A second state agency awarded HMO contracts that reflected an increase in premium. Because the state employee benefit allowance is tied to a formula that accounts for the price of the HMO plans, the employees' benefit allowance is set to increase.

This means the cost of purchasing health insurance will stay the same for many of the employees who use the PPO plan. This is at time when their benefit allowance is increasing. Many employees already have 100% of their benefits paid for, so the excess allowance will be taken in the form of direct monetary compensation.

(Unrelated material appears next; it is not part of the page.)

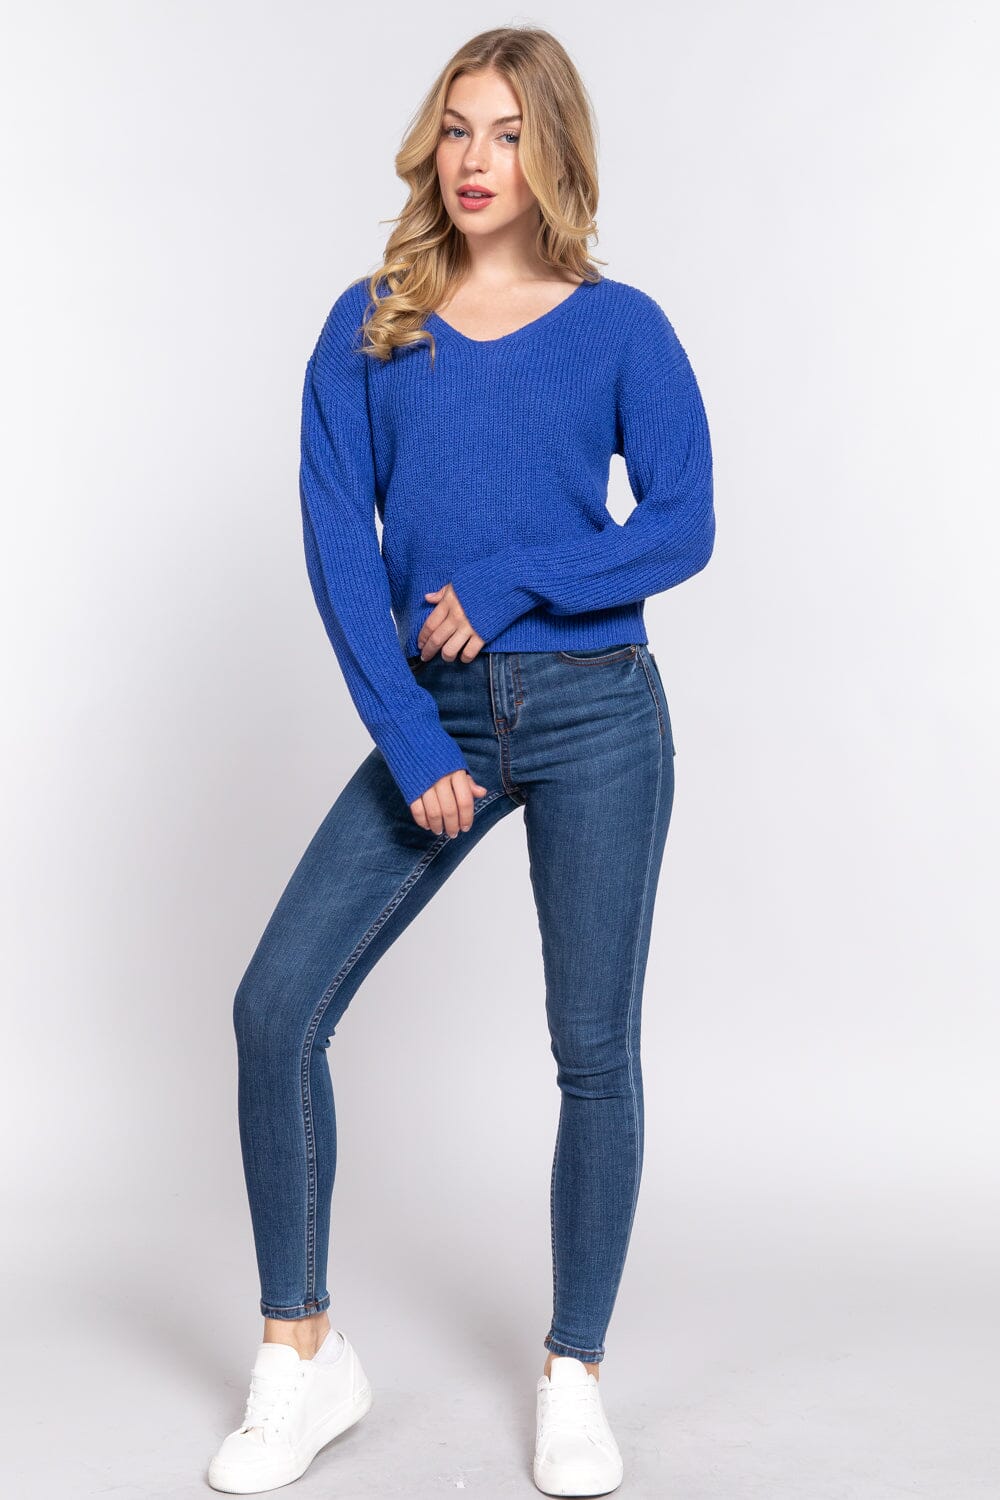 Blue Dolman Long Sleeve Strappy Open Back Sweater Top Shirts & Tops jehouze S

In other words, state agencies must now pay their employees thousands of dollars in benefit allowance that is not needed to purchase benefits. This is a pay increase without a vote of the Legislature or approval of the employees’ agency-level employers.

House Bill 2104 consolidated both of these agencies, and should put an end to these types of absurd outcomes.

House Bill 1304 consolidates much of Oklahoma state government’s information technology processes. Currently, millions of dollars of information technology spending is segregated across countless state agencies. Information technology is not coordinated, strategized or planned on an enterprise-wide basis. A 2011 study found that Oklahoma spends over $40 million more than comparable organizations in IT spend each year. HB 1304 cuts through the bureaucracies and views information technology activities from the perspective of a single entity. Once completely implemented, the legislation is designed to save about $80 million each year.

The Department of Education volunteered for inclusion in the IT consolidation even before the law takes full effect. This one state agency alone is estimated to experience an approximate savings of $600,000 per year because of the consolidation.

This article has just began to scratch the surface of the impact that these bills will have on state policy in the years to come. If properly implemented, the savings and efficiency will be considerable.